Открытие электричества. (история открытия явления)

Электричество.История

История развития ЭВМ

----------


## worm

> Бесполезно дискутировать в данном случае. Человек вбил что-то себе в голову и не хочет слышать окружающих.


 Ты мне, человеку с детства занимающимся программированием, доказываешь что компьютер непригоден для моделирования. Втираешь мне, что в компьютерах не меняется физическая структура.

Можно начать на компьютере что-то считать, отправить его в hibernate, обесточить, а через 2 недели снова включить и продолжить расчёты. Это означает что физическая струтктура компьютера (винчестера) МЕНЯЕТСЯ.

И ещё ты ссылаешься на пседвоучёных, у которых научная репутация ниже плинтуса.

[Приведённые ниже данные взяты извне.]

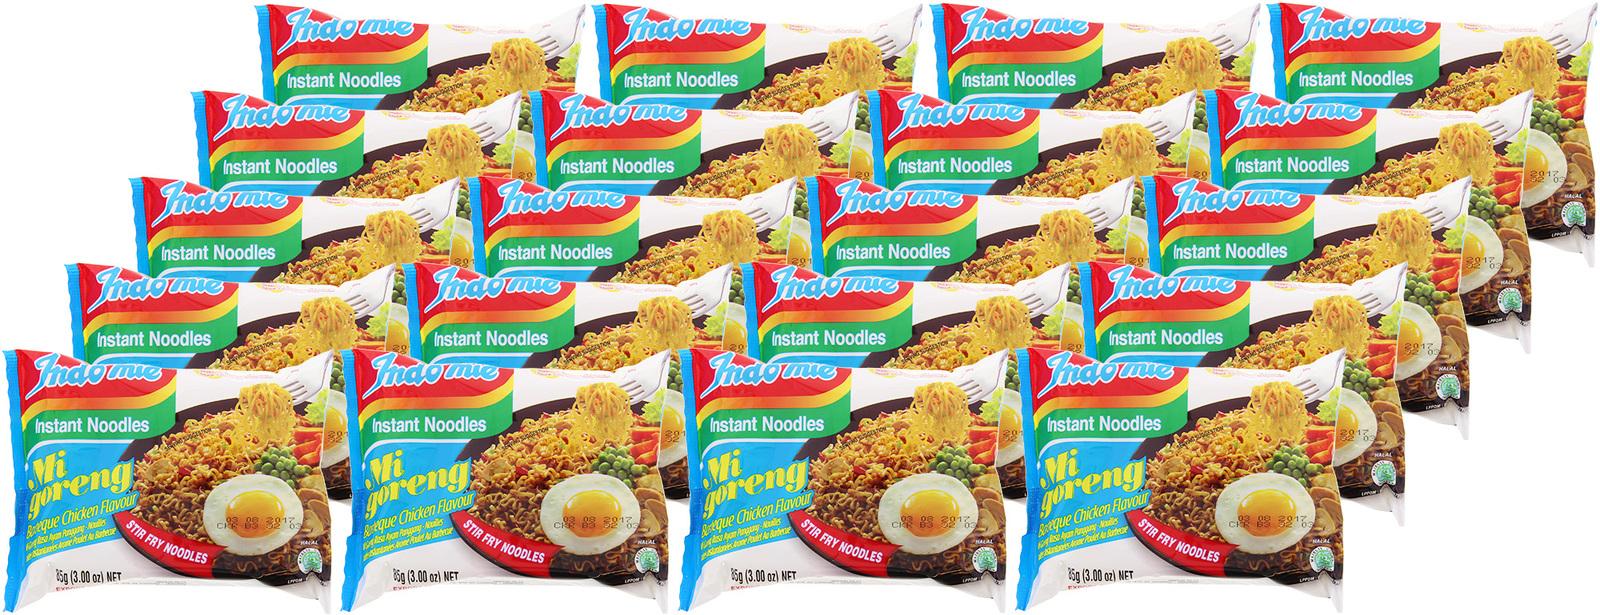 Indomie Mi Goreng Noodles - BBQ Chicken 85g (20 Pack) image

Я не буду Савельева разоблачать.
Это сделали до меня: https://www.google.by/search?num=100...ivejournal.com

Бесполезно дискутировать... Это с тобой бесполезно разговаривать. Ссылаешься на псевдоученых, которые вместо научного подхода занимаются ёрничаньем и демагогией.

----------


## NEET

> Можно ли считать жизнь бессмысленной галлюцинацией?

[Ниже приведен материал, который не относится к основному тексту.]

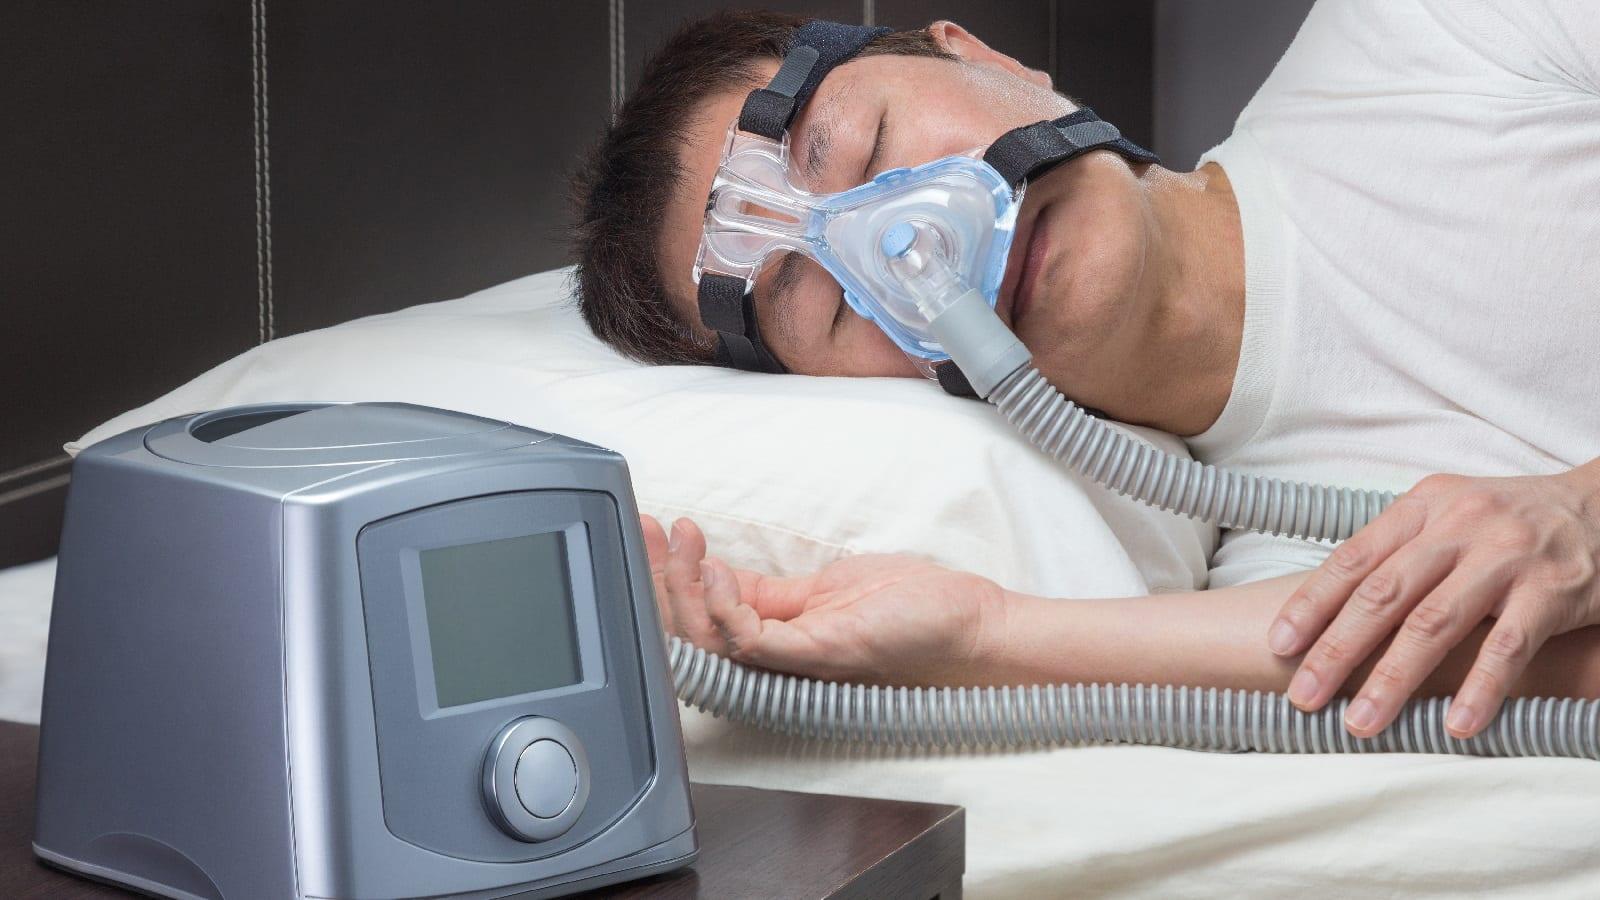 Man asleep with CPAP machine

 Если жизнь - галлюцинация, то кто тогда вы? И можно ли сказать, что смысл существует сам по себе в отрыве от осмысляющего?

----------


## worm

Амосов - гений. Правильно написал.




> О смысле жизни
> 
> Когда стареешь, начинаешь искать "смысл жизни", пытаешься понять окружающее. Но оказывается, что уже поздно. А потом убеждаешься, что и это занятие — тоже только времяпрепровождение, и что никакого изначального, заложенного природой, смысла жизни нет. У человека его столько же, сколько в дереве или у кошки. Есть структура и есть программа.
> 
> Приходишь к этому — делается тошно. Но... не бойся. Ты уже так крепко привязан к тем вещам, над которыми думал, пока искал смысл, что остается только одно — продолжать. Модели в коре, которые этим ведают, это уже твои структуры, твои программы, твой смысл жизни.
> 
> Если тебе повезло и ты выбрал хорошую сферу деятельности — радуйся: тебе обеспечена порция счастья. Если выбрал плохо, ну что же — довольствуйся тем, что есть...
> 
> А что такое "хорошая сфера"? Они бывают разные — эти сферы. Но есть, мне кажется, общее качество: для людей. Разные: создавать машины, учить детей, писать стихи... Только чтобы была польза. Или чтобы ты был в этом убежден. Вообще и этого достаточно — убеждения. Однако трудно сохранить, если оно совсем на песке построено.
> ...

----------


## ФАК

Мне очень нравилась гипотеза фантастов, что мир вокруг и реальность ничто иное, как индивидуальные грезы разума, программируемый окулус.

----------


## worm

> Бесполезно. Человек даже не понимает, что я ссылаюсь не на конкретного учёного, а на то, как устроен человеческий мозг. Репутация Савельева в данном случае не имеет никакого отношения к дискуссии. Бесполезно.
> 
> Как он узнает, если нейробиолог Савельев для него псевдоучёный. Остальные нейробиологи тоже для него псевдоучёные, судя по всему. Все вокруг псевдоучёные, а он же с детства занимается программированием, ему лучше знать.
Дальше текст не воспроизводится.